Final Round

Answer: $a=b=t$, $t\in \mathbb{Z}$, $(a;b)=(-18;-2)$, $(a;b)=(0;7)$, $(a;b)=(12;3)$.

We rearrange the initial equation $(b^2+7(a-b){)}^2=a^{3}b$: $$\begin{array}{rl}(b^2+7(a-b){)}^2& =a^{3}b\iff b^4+14b^2(a-b)+49(a-b{)}^2=a^{3}b\iff \\ & a^{3}b-b^4-14b^2(a-b)-49(a-b{)}^2=0\iff \\ & b(a^3-b^3)-14b^2(a-b)-49(a-b{)}^2=0\iff \\ & (a-b)(b{a}^2+a{b}^2+b^3-14b^2-49(a-b))=0.\end{array}\text{\hspace{1em}(1)}$$ If $a=b$, then it is evident that (1) holds. Therefore we have the infinite set of the integer solutions: $a=b=t$, where $t\in \mathbb{Z}$.

Let $a\ne b$, then from (1) it follows that $$b{a}^2+a{b}^2+b^3-14b^2-49(a-b)=0.(2)$$ If $b=0$, then from (2) it follows that $a=0$, i.e. $a=b=0$, a contradiction. Thus $b\ne 0$. Consider (2) as a quadratic equation with respect to $a$. $$b{a}^2+(b^2-49)a+b^3-14b^2+49b=0.(3)$$ The discriminant $D(b)$ of this equation is $$\begin{array}{rl}D(b)=(b^2-49{)}^2-4b(b^3-14b^2+49b)& =((b-7)(b+7){)}^2-4b^2(b-7{)}^2=\\ & =(b-7{)}^2((b+7{)}^2-4b^2)=-(b-7{)}^3(3b+7).\end{array}$$ Equation (3) has real solutions iff $D(b)\ge 0$, i.e. for $b\in [-7/3;7]$. The segment $[-7/3;7]$ contains exactly ten integers: $-2,-1,0,1,2,3,4,5,6$ and $7$. Since $b\ne 0$ and $a_{1,2}=(49-b^2\pm \sqrt{D})/(2b)$, we have exactly four integers ($b=-2,3,6,7$) such that $D(b)$ is a perfect square (we need integer solutions of (3)).

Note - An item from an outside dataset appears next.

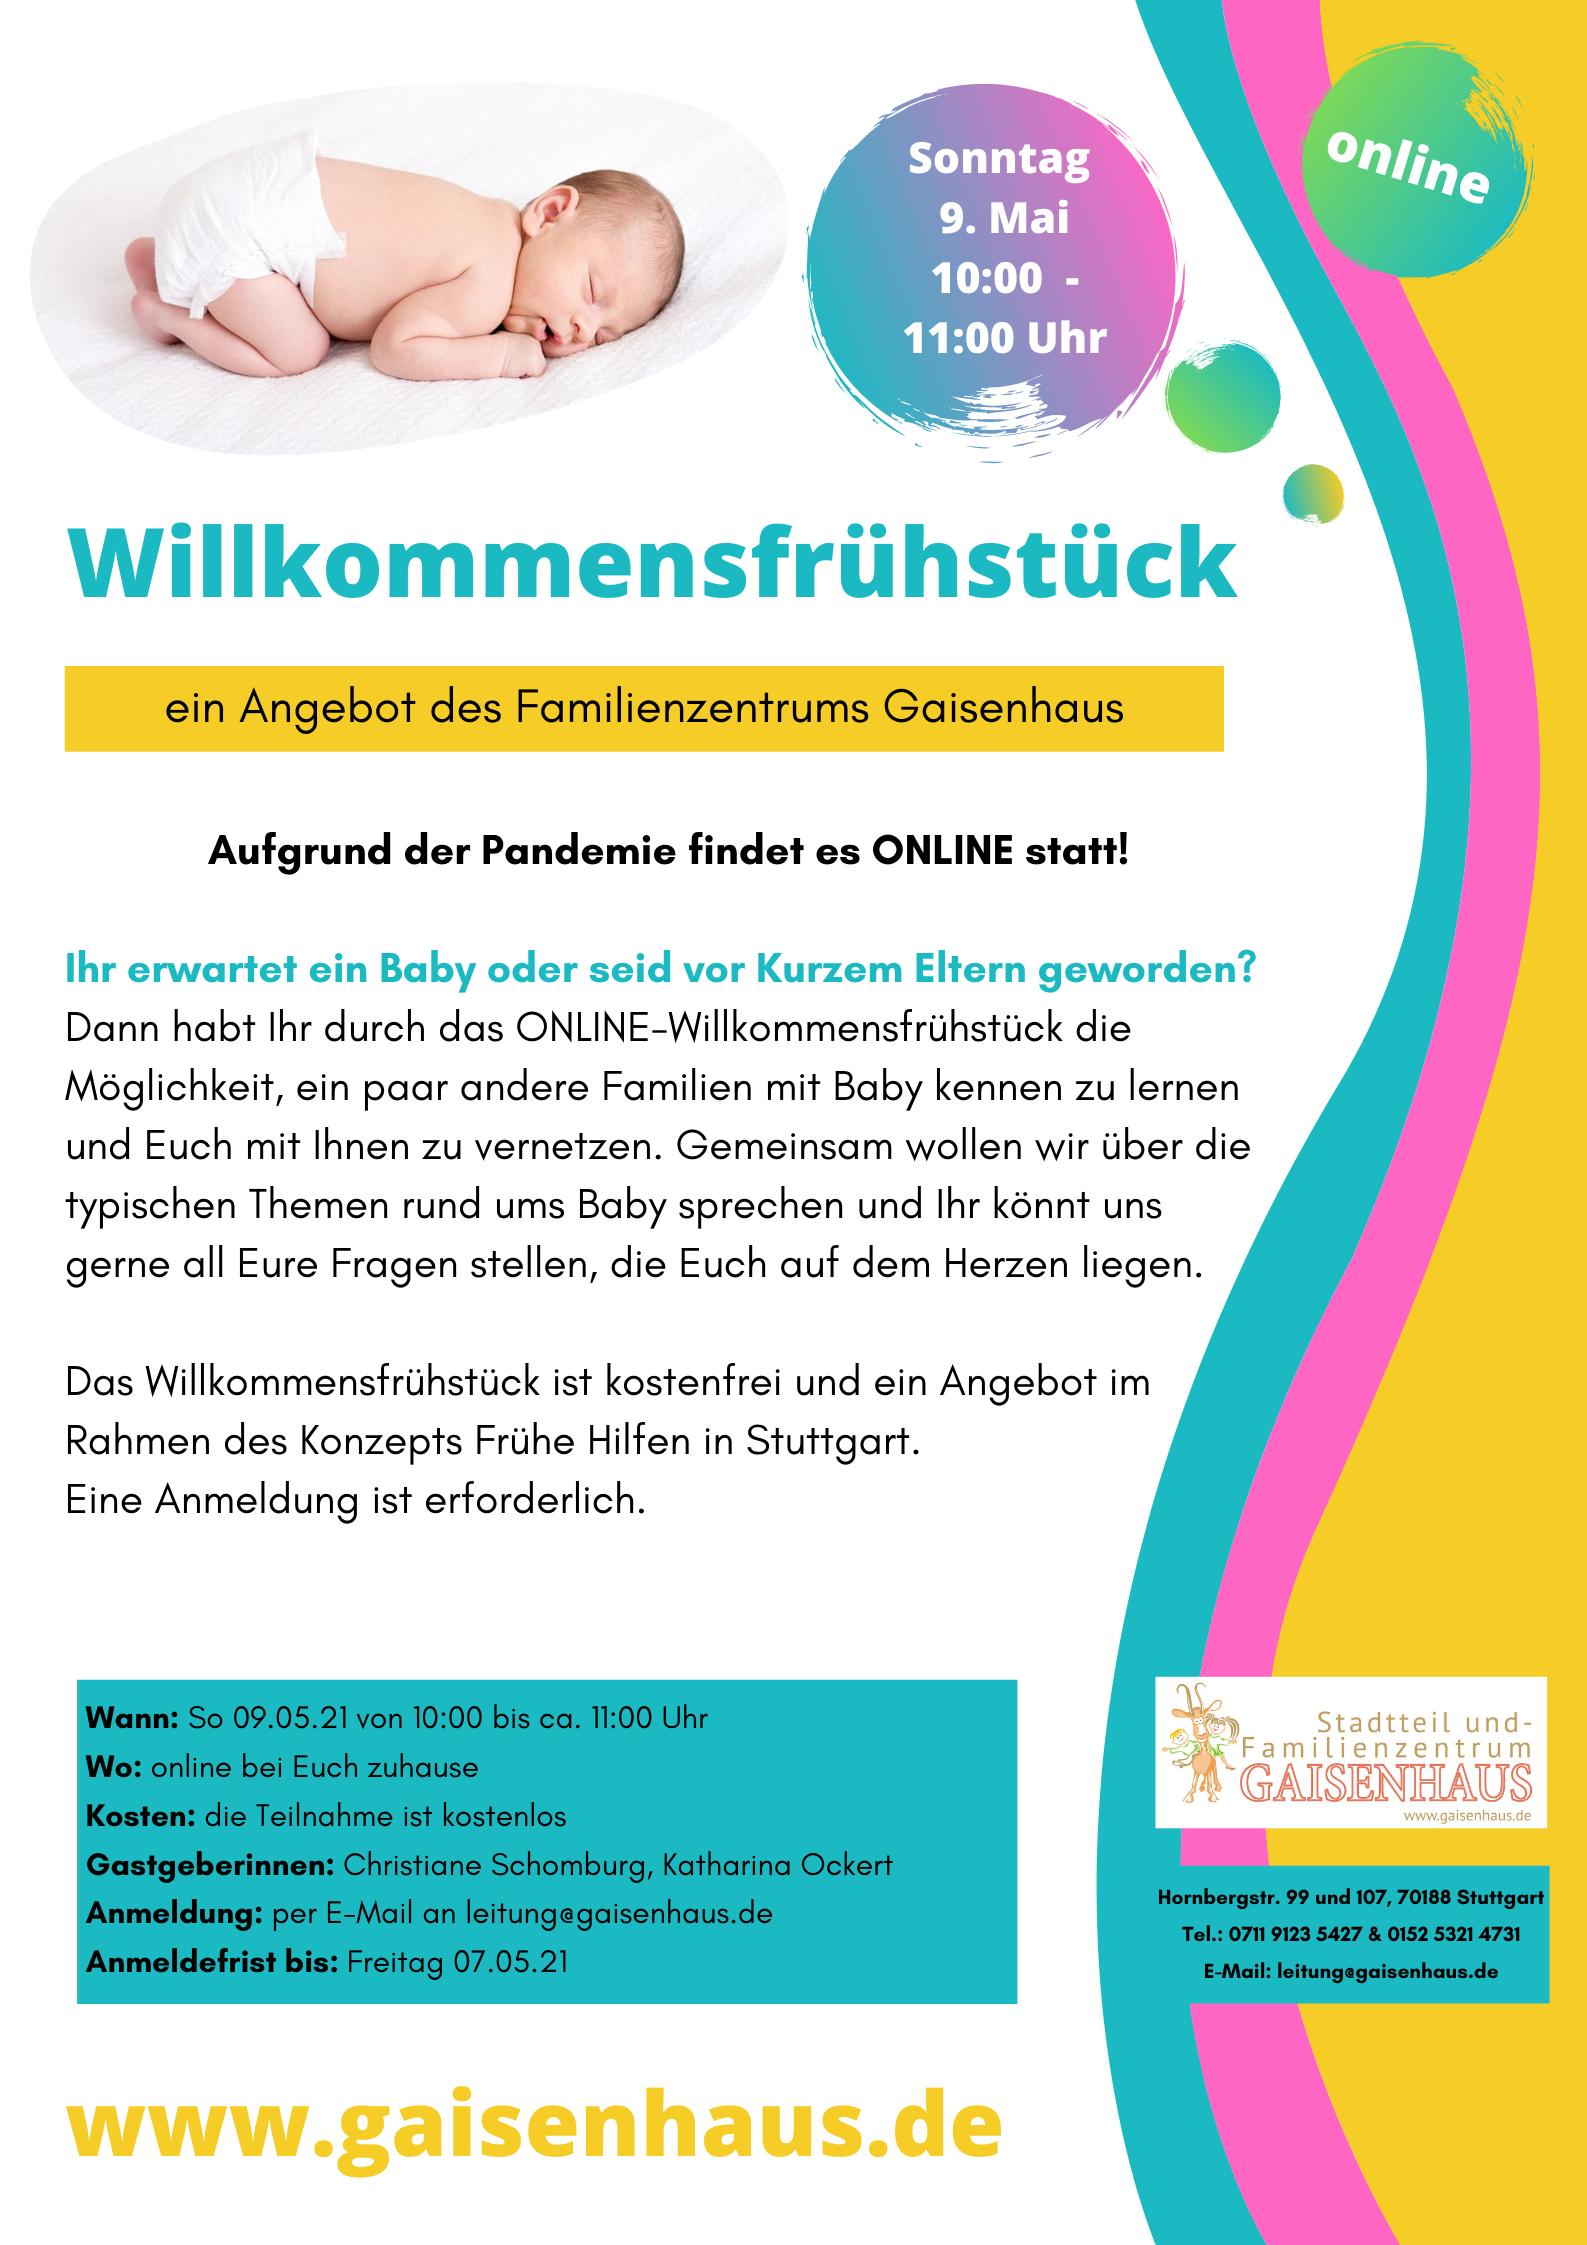 willkommensfruehstueck-online-9.5.2021
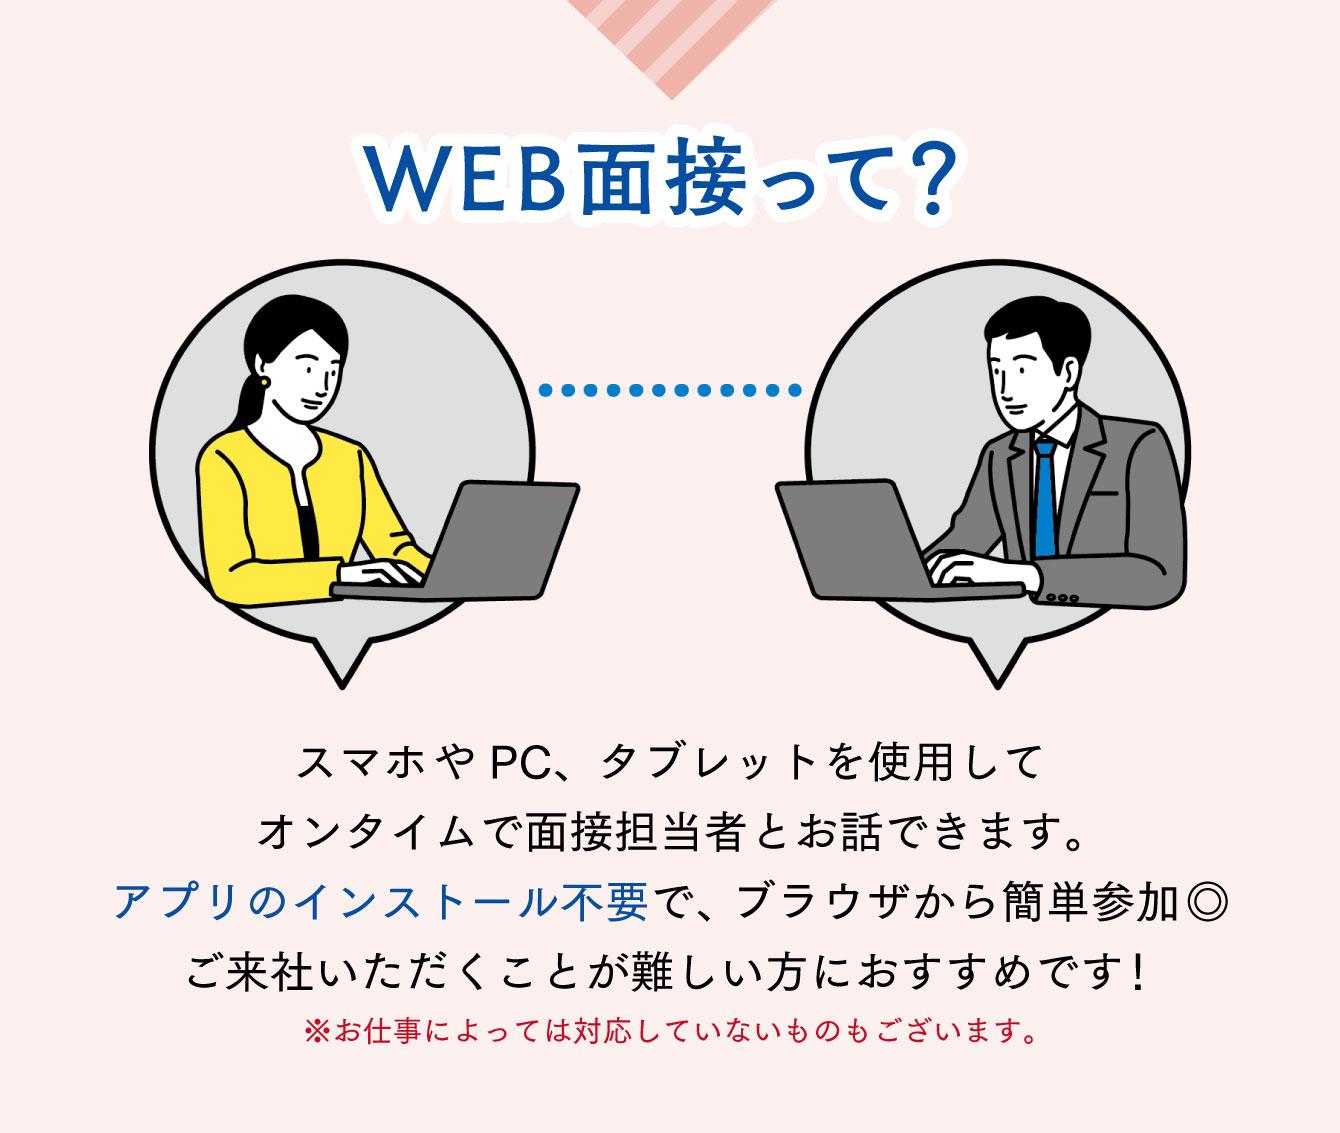 WEB面接って?

1) If $b=-2$, then $D=27^2$ and either $a_1=-9/2$ or $a_2=-18$, so, in this case $(a;b)=(-18;-2)$ is a required solution.

2) If $b=3$, then $D=2^{10}$ and either $a_1=4/3$ or $a_2=12$, so $(a;b)=(12;3)$ is a required solution.

3) If $b=6$, then $D=5^2$ and either $a_1=13/12$ or $a_2=85/12$, so there are no solutions in this case.

4) If $b=7$, then $D=0$ and $a_{1,2}=0$, so $(a;b)=(0;7)$.